明日の夜に決行となったアンナイの作戦。それまで俺たちはどうするかを話したら、「それは私が済ますから。」とアンナイに言われた。ジウもホントに作戦通りの場所にあるかと思い、偵察に行った。ソラとケモドはアンナイのパシりとして、連れていかれている。つまり、今、家にいるのは俺とメルシアだけだ。
「メルシア、動けるか?」
「なんとかね…。」
少し無理そうな顔をしている。昨日、食べ過ぎたということもあって、メルシアはゴロンとしながら、尻尾を掻いていた。おそらく、メルシアの尻尾は汚れているのだろう。
「こっち来て。メルシア。」
「ん?うん…。」
俺は引き出しにあったブラッシングを持って、メルシアの毛並みを揃えた。風呂に入ったことで、汚れは取れたのかと錯覚していたけれども、ノミとかは取れてないようだ。
「んん…気持ちいいれすぅ。」
「これでもブラッシングは得意だからな。」
俺はかつて美容師になろうと思っていて、独学で色々と知識を得ていた。その時に動物のブラッシングのバイトを受け持ったこともあるから手慣れているのだ。
「よしっ、できた。」
「あ、ありがとう。」
「ありがとう」と言ったメルシアの顔は笑っていなくて、快は笑わそうと思い、様々な元の世界でのネタを披露した。そうすると、メルシアの顔が少しずつ笑顔に変わり始めた。それを見て、快はさらにハードルを上げた。
「次は!こうっ!」
「あはははっ!」
その後も快は1時間、披露し続けた。
「ふぅぅぅ、久々に疲れた。」
「メルもこれだけ笑ったのは、何年ぶりだろう…。」
メルシアと俺はここ1時間の間に、心を通わせていた。ソラと同じような共鳴を感じるようだ。

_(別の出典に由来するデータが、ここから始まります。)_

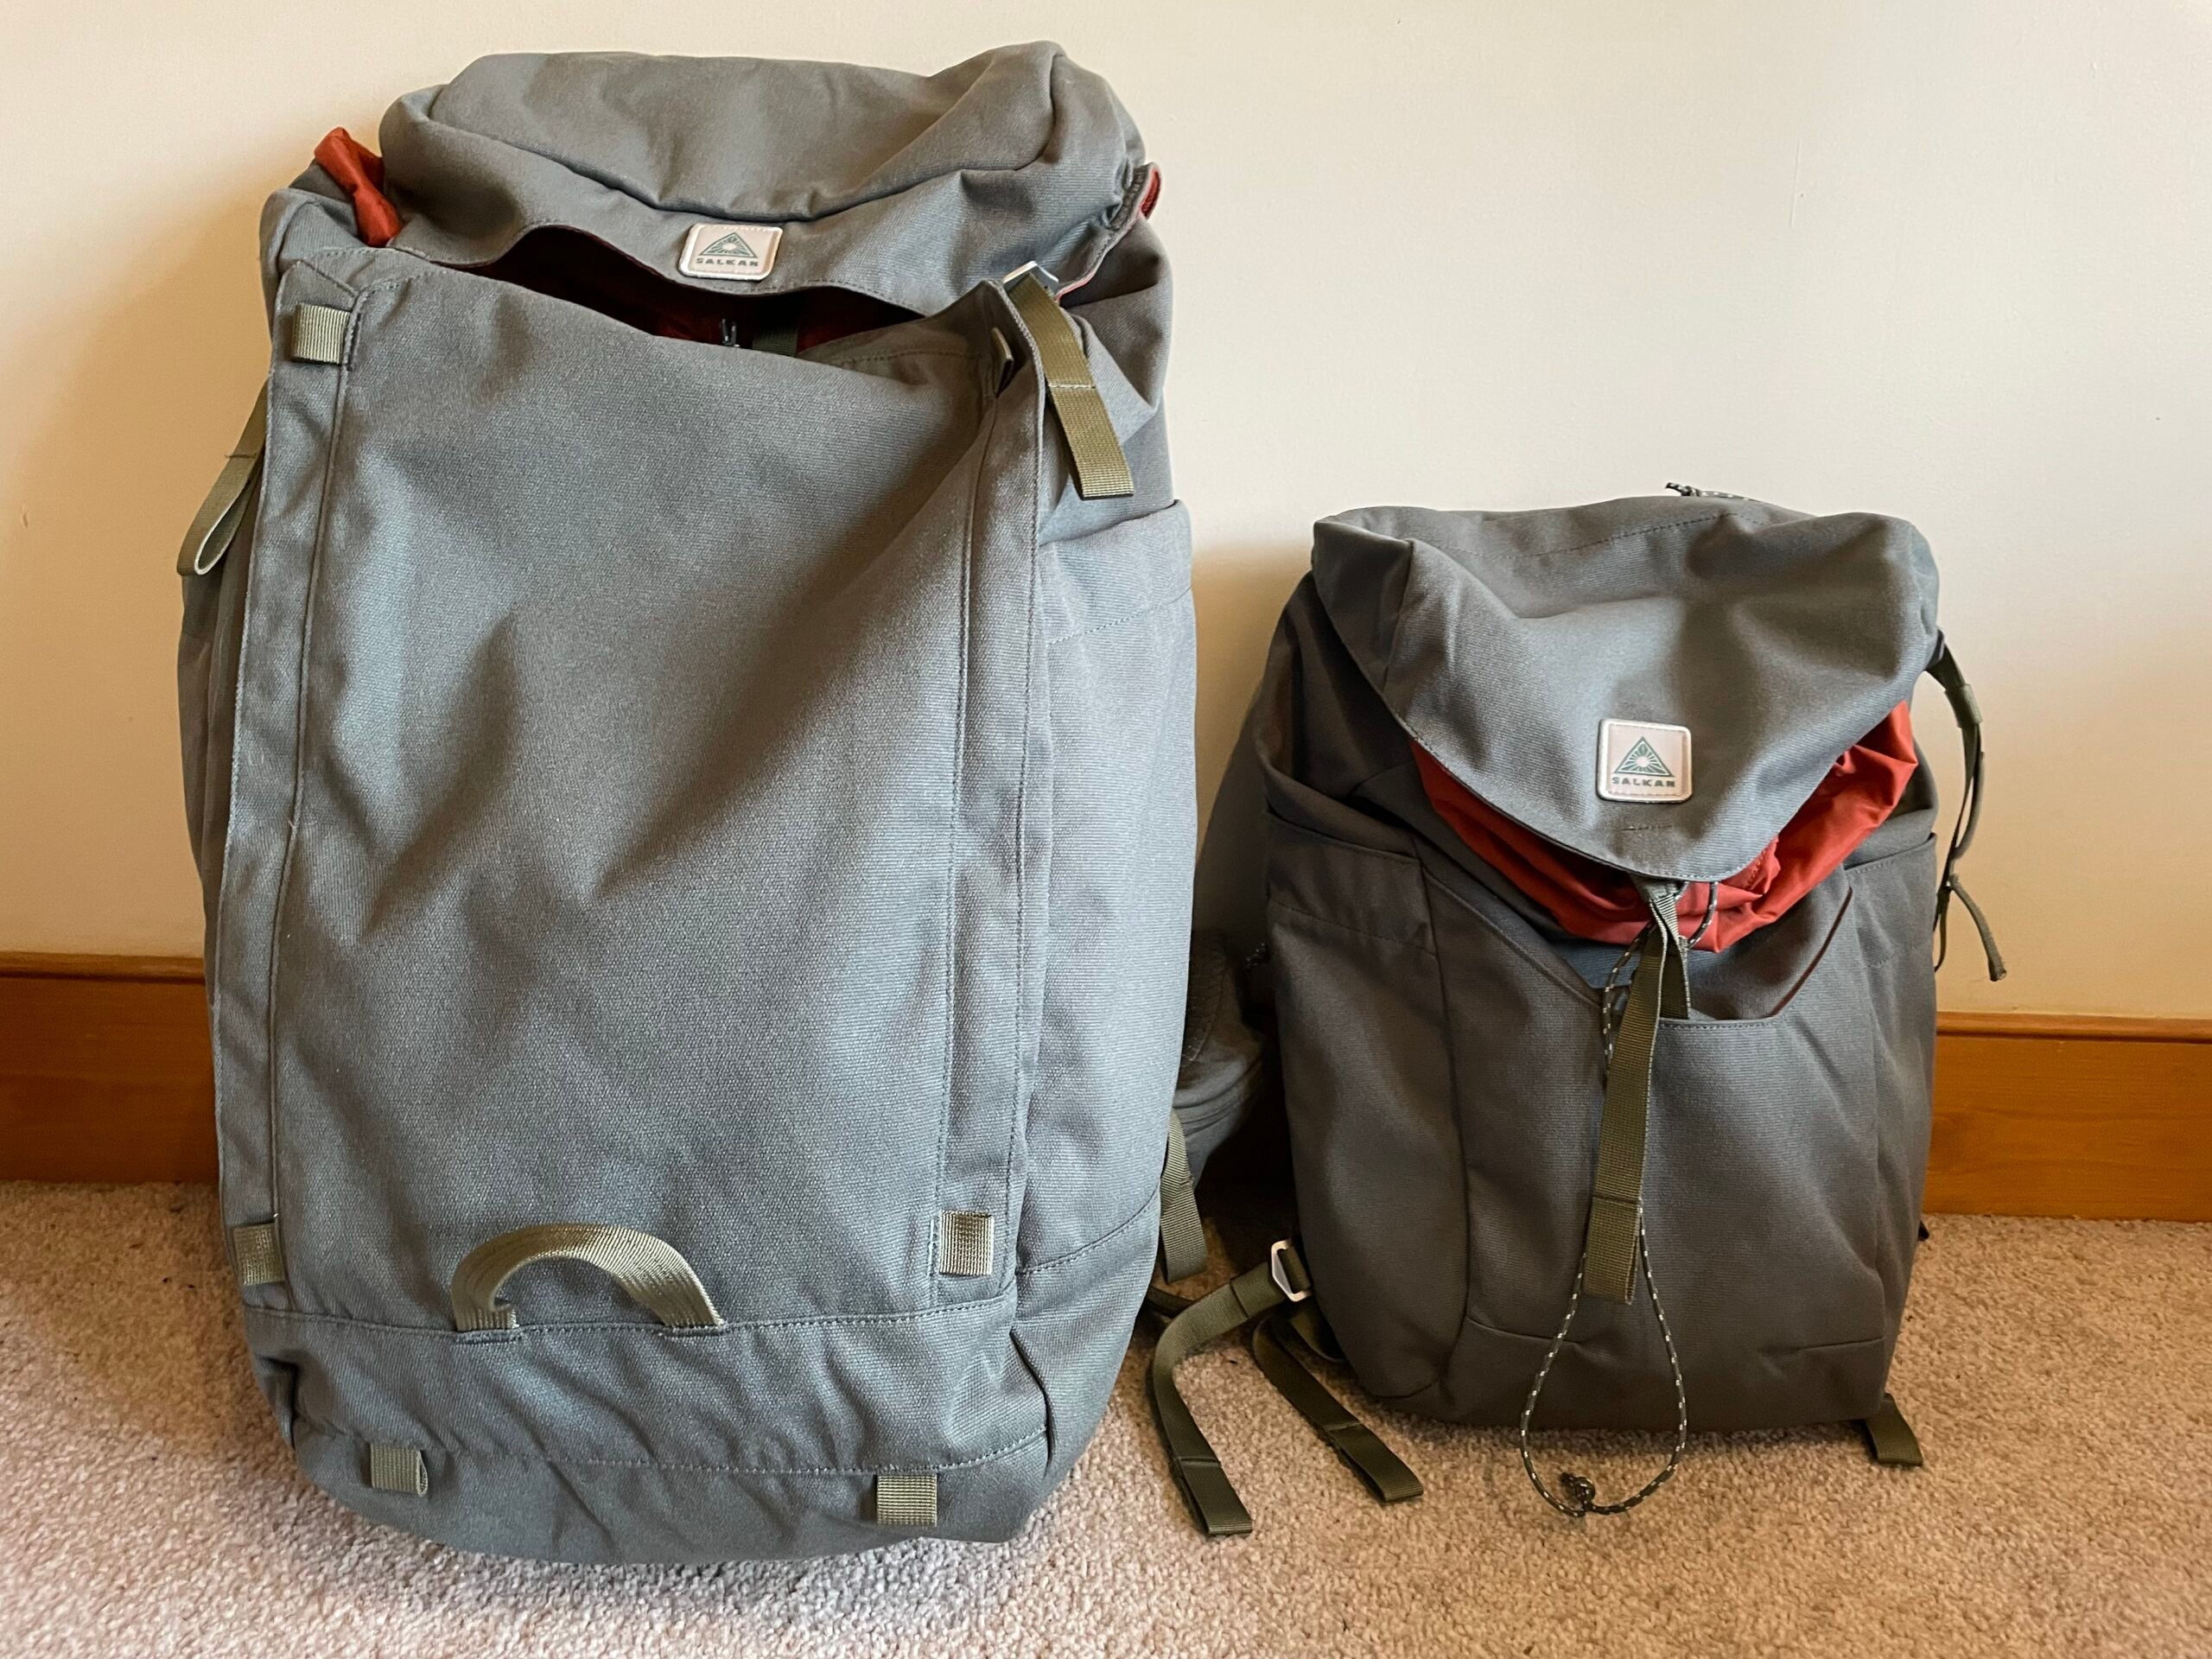 The Salkan Daypack and its big brother, the main pack.

「さっきはごめんね。ブラッシングしてもらったのに嬉しそうにしなくて…。」
「良いよ、良いよ。」
すると、メルシアは少し暗くなって、打ち明けた。
「メルはまだ、あなたたちのことを信じられてないの。ケモドさんも言ってはくれたけれども、メルは…」
「人間たちにあんな風にされた過去があるから、信じようと思っても信じられないんだな?」
メルシアはコクりと頷いた。
「確かにそうかもな。人間は平気で嘘を付くし、平気で人をポイ捨てすることもできる、ある意味醜い生き物かもね。」
俺はそのまま続けた。
「でも、心から思える人間もいる。それは他の全ての生物もそれが言えることだ。そんな愛情を平気でポイ捨てするのではなく、どのような形であれども、受け入れるべき時もある。こんな俺が言ってもあれだけれど…」
俺はメルシアの手を握った。
「俺たちの心からの愛情を受け取ってくれ。そして、俺たちを信じろ。」
その言葉が身体に染み渡ったメルシアは快にを抱きついてきた。
「どうしたんだ?」
「夜までいさせて。」
俺はそれを受け入れて、メルシアを夜まで(ジウが帰ってくるまで)続けた。
そして、夜。俺たちは動き出した。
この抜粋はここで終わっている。